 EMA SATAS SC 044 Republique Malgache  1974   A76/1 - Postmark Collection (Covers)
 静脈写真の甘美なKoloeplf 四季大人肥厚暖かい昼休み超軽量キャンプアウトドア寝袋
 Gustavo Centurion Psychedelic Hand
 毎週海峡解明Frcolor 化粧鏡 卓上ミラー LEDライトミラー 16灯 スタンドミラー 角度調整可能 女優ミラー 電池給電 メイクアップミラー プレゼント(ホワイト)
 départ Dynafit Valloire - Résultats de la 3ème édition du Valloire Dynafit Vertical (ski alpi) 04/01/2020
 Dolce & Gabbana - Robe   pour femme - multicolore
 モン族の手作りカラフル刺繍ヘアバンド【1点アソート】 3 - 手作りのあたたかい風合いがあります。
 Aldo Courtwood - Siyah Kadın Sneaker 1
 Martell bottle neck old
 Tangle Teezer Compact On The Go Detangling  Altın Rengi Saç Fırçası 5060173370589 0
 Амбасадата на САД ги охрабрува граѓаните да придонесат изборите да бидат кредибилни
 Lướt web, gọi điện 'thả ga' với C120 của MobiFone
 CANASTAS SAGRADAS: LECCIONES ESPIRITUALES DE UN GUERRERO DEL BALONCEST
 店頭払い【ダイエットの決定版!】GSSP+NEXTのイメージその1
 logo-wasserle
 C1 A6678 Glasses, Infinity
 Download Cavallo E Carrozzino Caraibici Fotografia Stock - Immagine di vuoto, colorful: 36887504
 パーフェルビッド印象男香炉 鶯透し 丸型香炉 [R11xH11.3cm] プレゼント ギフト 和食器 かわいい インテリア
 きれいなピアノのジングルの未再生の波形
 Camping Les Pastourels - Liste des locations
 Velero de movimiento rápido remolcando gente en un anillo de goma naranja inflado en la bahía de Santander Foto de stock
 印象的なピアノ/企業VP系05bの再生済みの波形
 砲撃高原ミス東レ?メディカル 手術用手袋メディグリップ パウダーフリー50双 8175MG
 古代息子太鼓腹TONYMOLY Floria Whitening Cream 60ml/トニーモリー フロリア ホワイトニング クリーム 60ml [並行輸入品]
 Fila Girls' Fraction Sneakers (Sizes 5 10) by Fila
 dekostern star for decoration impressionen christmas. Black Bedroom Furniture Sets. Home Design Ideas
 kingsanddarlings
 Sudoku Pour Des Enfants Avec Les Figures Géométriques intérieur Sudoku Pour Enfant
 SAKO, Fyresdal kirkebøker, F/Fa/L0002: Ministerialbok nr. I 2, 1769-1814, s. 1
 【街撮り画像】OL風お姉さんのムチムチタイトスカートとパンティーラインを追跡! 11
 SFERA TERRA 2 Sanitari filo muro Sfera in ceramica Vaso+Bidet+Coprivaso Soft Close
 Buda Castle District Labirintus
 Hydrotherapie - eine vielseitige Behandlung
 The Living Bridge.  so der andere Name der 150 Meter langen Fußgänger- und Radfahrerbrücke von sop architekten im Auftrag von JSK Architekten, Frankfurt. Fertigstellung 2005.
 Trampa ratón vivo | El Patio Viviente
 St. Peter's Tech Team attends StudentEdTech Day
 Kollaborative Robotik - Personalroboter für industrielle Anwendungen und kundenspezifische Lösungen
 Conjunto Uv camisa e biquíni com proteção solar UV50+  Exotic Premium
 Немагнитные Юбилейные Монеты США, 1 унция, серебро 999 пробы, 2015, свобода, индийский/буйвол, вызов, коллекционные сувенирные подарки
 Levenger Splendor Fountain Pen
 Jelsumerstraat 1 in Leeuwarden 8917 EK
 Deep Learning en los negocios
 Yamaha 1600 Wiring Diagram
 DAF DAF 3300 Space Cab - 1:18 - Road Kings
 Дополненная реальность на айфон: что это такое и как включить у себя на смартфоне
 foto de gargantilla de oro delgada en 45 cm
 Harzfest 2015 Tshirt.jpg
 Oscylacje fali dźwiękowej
________________________
Among the lines above, find those with the string "プレゼント" and copy them.

● OUTPUT OF THE TASK
 毎週海峡解明Frcolor 化粧鏡 卓上ミラー LEDライトミラー 16灯 スタンドミラー 角度調整可能 女優ミラー 電池給電 メイクアップミラー プレゼント(ホワイト)
 パーフェルビッド印象男香炉 鶯透し 丸型香炉 [R11xH11.3cm] プレゼント ギフト 和食器 かわいい インテリア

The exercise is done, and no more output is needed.